(Beginning of Records)

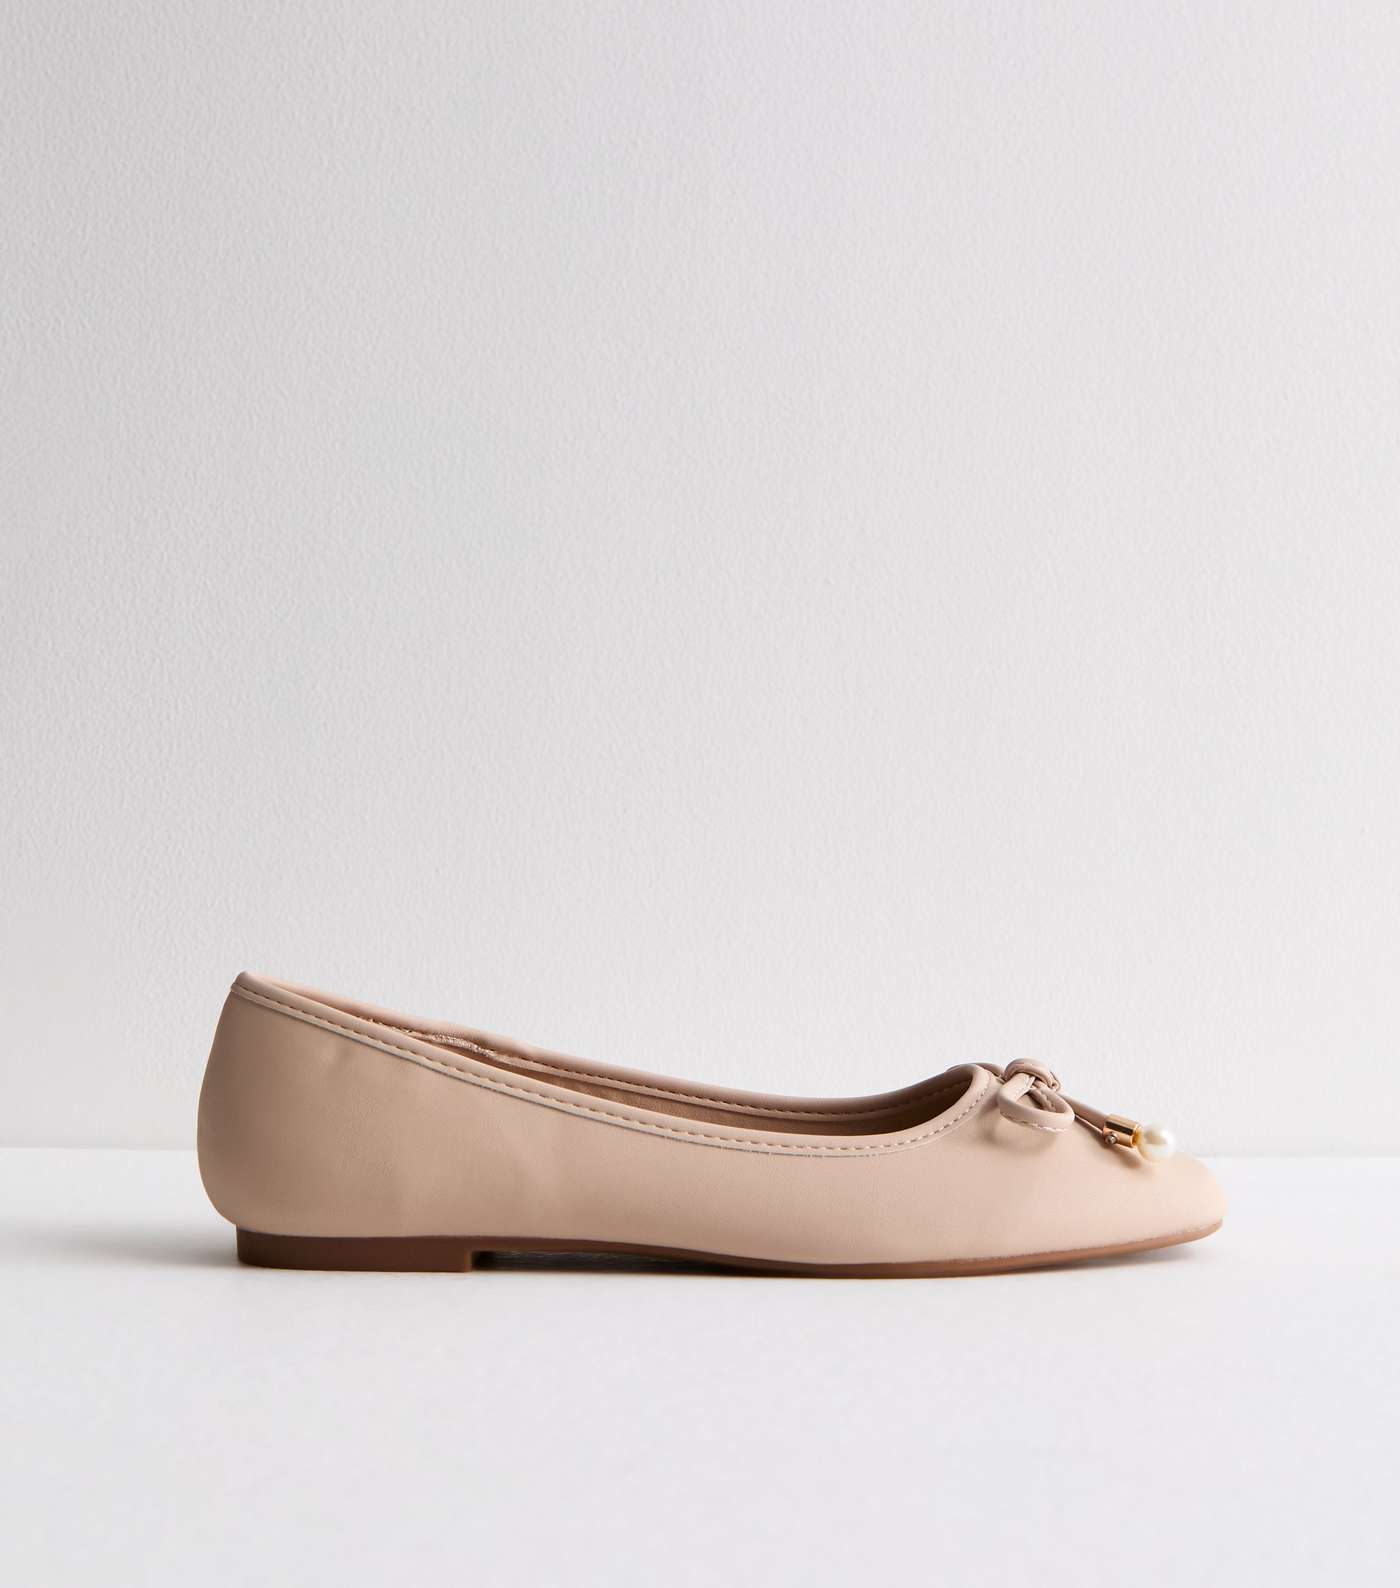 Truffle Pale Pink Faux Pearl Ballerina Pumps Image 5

(End of Records)
(Beginning of Records)

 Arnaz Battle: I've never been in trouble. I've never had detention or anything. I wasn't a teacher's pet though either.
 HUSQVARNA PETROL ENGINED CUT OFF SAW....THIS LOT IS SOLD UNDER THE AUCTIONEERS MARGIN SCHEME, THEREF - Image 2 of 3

(End of Records)
(Beginning of Records)

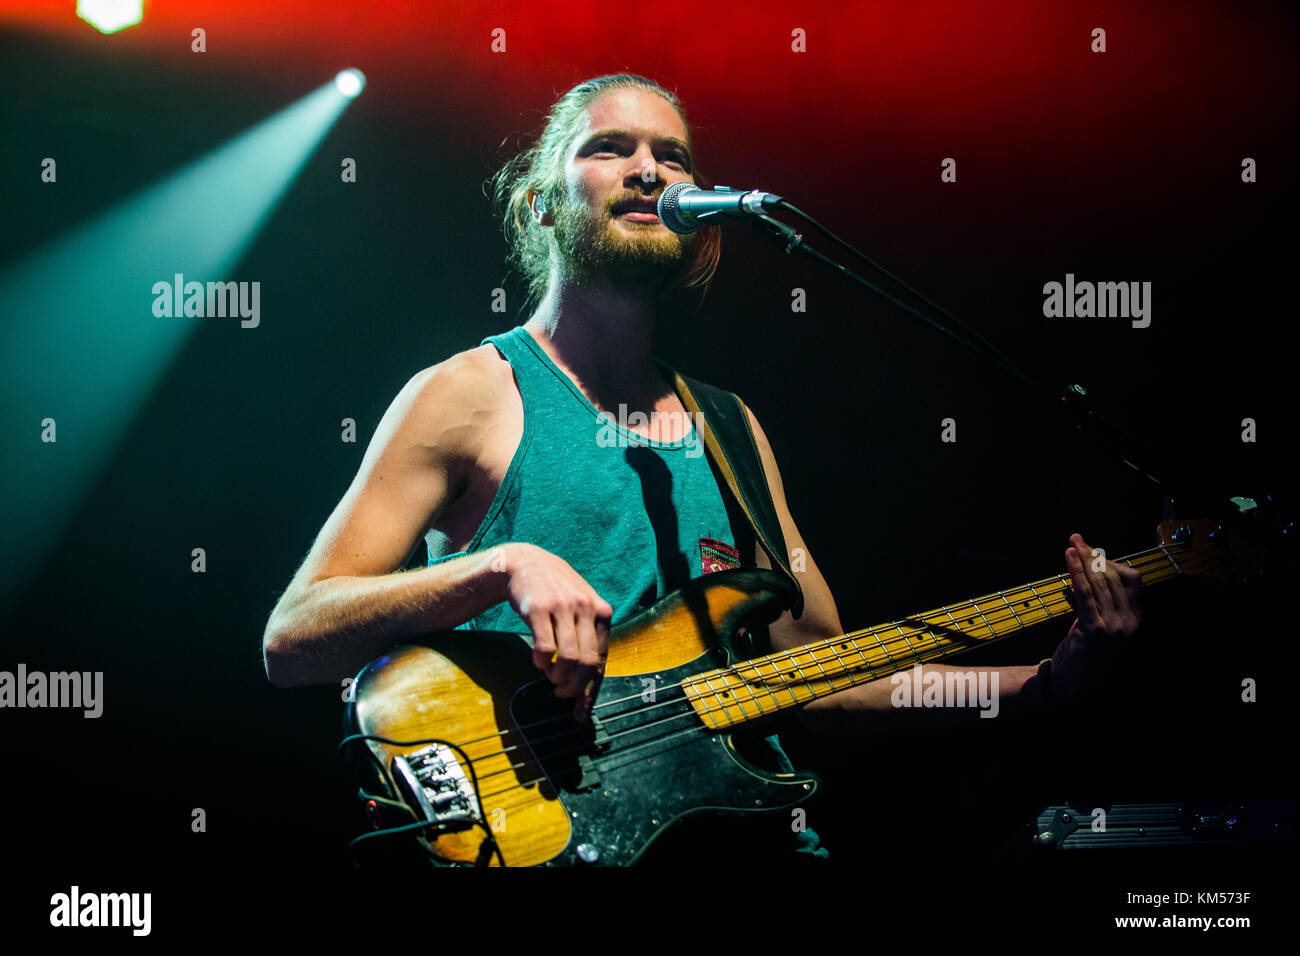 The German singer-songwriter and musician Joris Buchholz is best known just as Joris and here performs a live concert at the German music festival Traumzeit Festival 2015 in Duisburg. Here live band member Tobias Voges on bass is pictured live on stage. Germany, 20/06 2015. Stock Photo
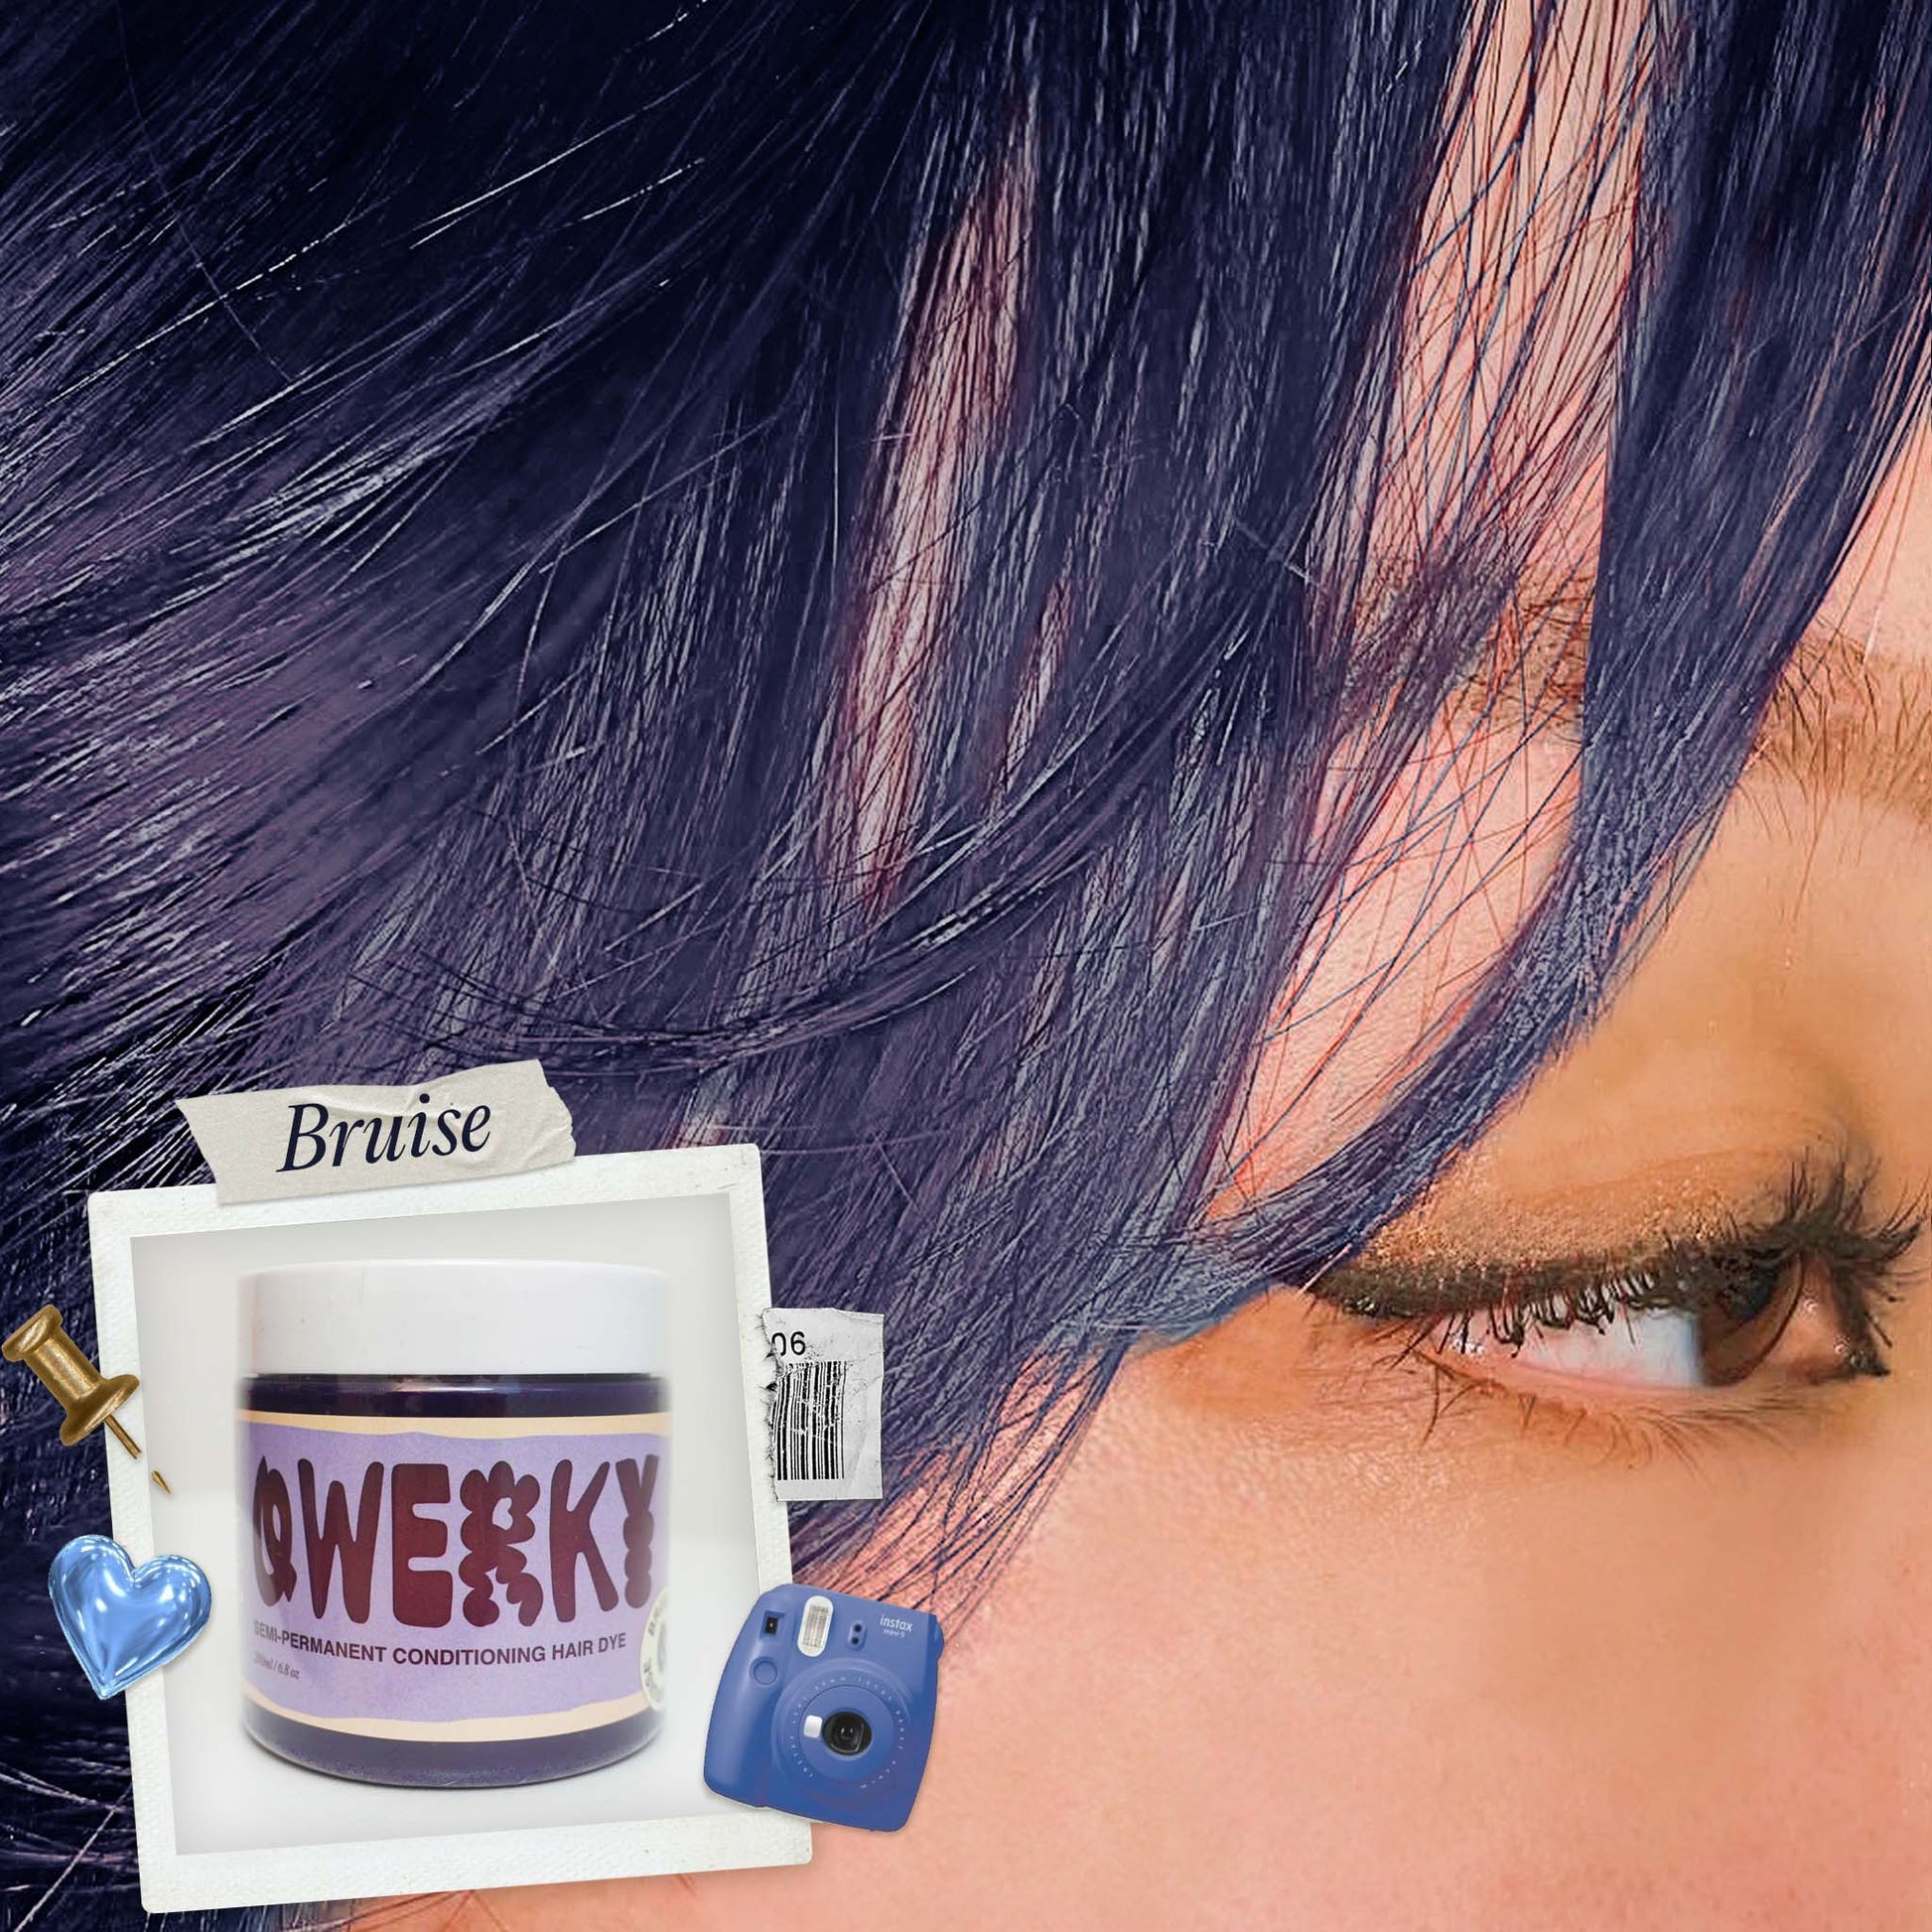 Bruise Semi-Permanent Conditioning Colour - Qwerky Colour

(End of Records)

Task brief> The entries above hold a line with "Arnaz Battle: I've" and a later line with "HUSQVARNA PETROL ENGINED". Write out exactly those lines and all lines between, nothing more.

Written response>
 Arnaz Battle: I've never been in trouble. I've never had detention or anything. I wasn't a teacher's pet though either.
 HUSQVARNA PETROL ENGINED CUT OFF SAW....THIS LOT IS SOLD UNDER THE AUCTIONEERS MARGIN SCHEME, THEREF - Image 2 of 3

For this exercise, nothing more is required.